Drug Development Phase: 1B
Kineta’s lead clinical stage autoimmune candidate, Dalazatide (formerly ShK-186), is a first-in-class drug candidate that aims to selectively target autoimmune disease-causing cells while leaving the patient’s protective immune response unaffected.
Dalazatide is a synthetic analog of a peptide isolated from a Caribbean sea anemone. It is a potent inhibitor of the Kv1.3 potassium channel and an important new pharmaceutical target due to its expression on effector memory T-cells. Effector memory T-cells are a subset of the T-cell family that cause inflammation and tissue damage in a broad range of autoimmune diseases. Dalazatide blocks activation of these cells without suppressing other T cell subtypes, potentially leaving intact the innate immune response and a majority of the adaptive immune response. As a result, dalazatide may not cause broad immune suppression in treated patients.
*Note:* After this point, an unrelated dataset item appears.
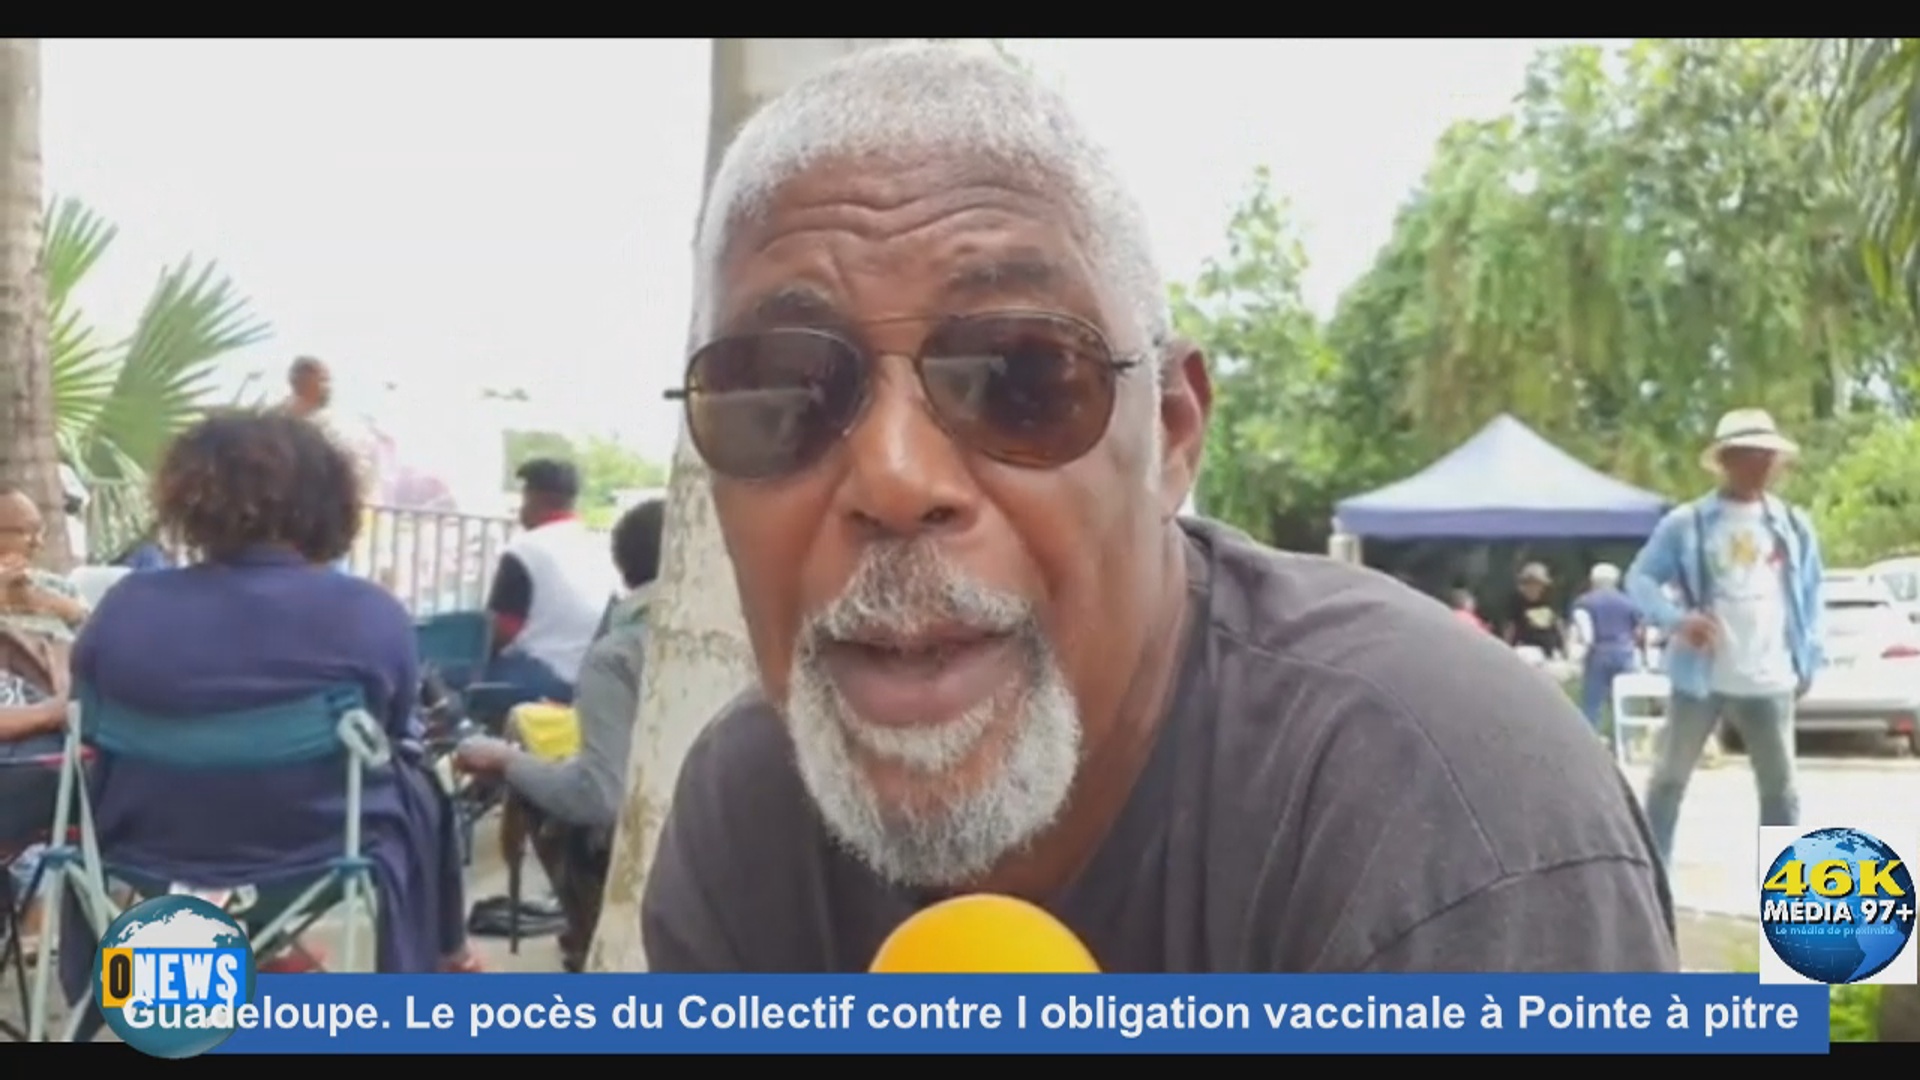 [Vidéo] Guadeloupe Le procès du Collectif contre l obligation vaccinale à Pointe à pitre

Dalazatide is being studied as a potential treatment for multiple autoimmune diseases including lupus, psoriasis, psoriatic arthritis, rheumatoid arthritis, multiple sclerosis, inflammatory bowel diseases, type 1 diabetes mellitus, atopic dermatitis, asthma, ANCA vasculitis and autoimmune uveitis.
Kineta is the first company to bring a Kv1.3 inhibitor into human clinical trials and has conducted two previous safety and tolerability studies of dalazatide in healthy volunteers. Additionally, dalazatide demonstrated clinical proof-of-concept in a Phase 1b Psoriasis Trial and is now ready for Phase II development. See Phase IB clinical trial results.
Dalazatide is administered via subcutaneous injection twice a week. Kineta is developing a sustained release formulation that may be administered as infrequently as every 3 months. Kineta’s Kv1.3 targeting franchise provides multiple dosing options including a subcutaneous autoinjector, subcutaneous depot, eye drop, and topical cream.
Dalazatide is jointly developed by Kineta and its sister corporation KPI Therapeutics Inc.